George met his friend’s hopeful gaze. “For Owen, yes, but Jimmy took some shrapnel in the stomach.” The other two soldiers winced knowing that meant a slow lingering death. “I dragged him into a nearby shell hole and did my best to comfort him, but he knew his time was up. He died in my arms. Then some officer came along and screamed at me to keep moving. I had to leave him there.” 

Stan reached out and grasped George by the shoulder, sharing his friend’s pain. “You did what you could, mate, Jimmy would have known that.” 

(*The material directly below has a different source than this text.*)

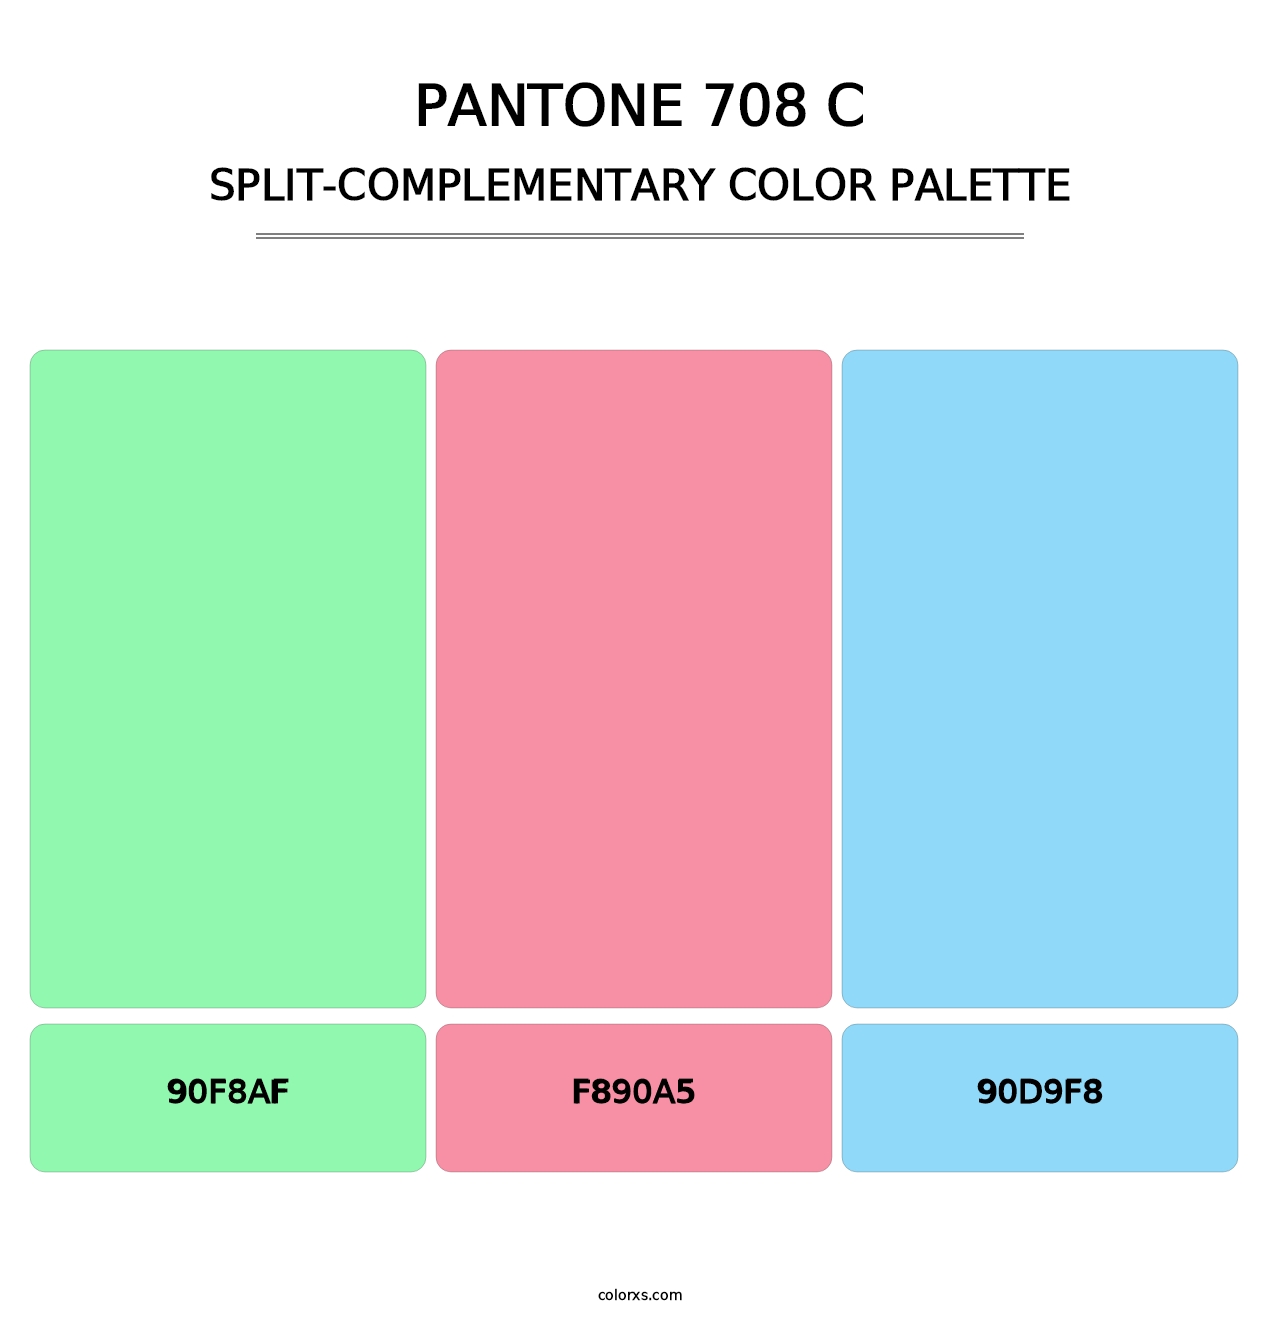 PANTONE 708 C - Split-Complementary Color Palette

“I hope so,” said George as he slowly turned his head in the direction of the shell hole where he had encountered Jimmy’s ghost. At first, he’d thought that in his distress he’d got turned around and had run back to the hole where he’d left Jimmy’s body, but that hadn’t been the case. Seeing Jimmy up and moving about had scared George half to death. When he’d then realised that Jimmy had no wounds and looked exactly as he did before the attack, he knew that somehow, he’d been looking at Jimmy’s ghost. When his friend had opened his mouth and spoken, no words had come out, but it had shredded what little resolve George had and to his shame he had turned and run away from his friend. 

“Well at least he’s at rest now,” said Stan, interrupting his friend’s train of thought. George turned his gaze towards where he’d last seen Jimmy. “I hope so.”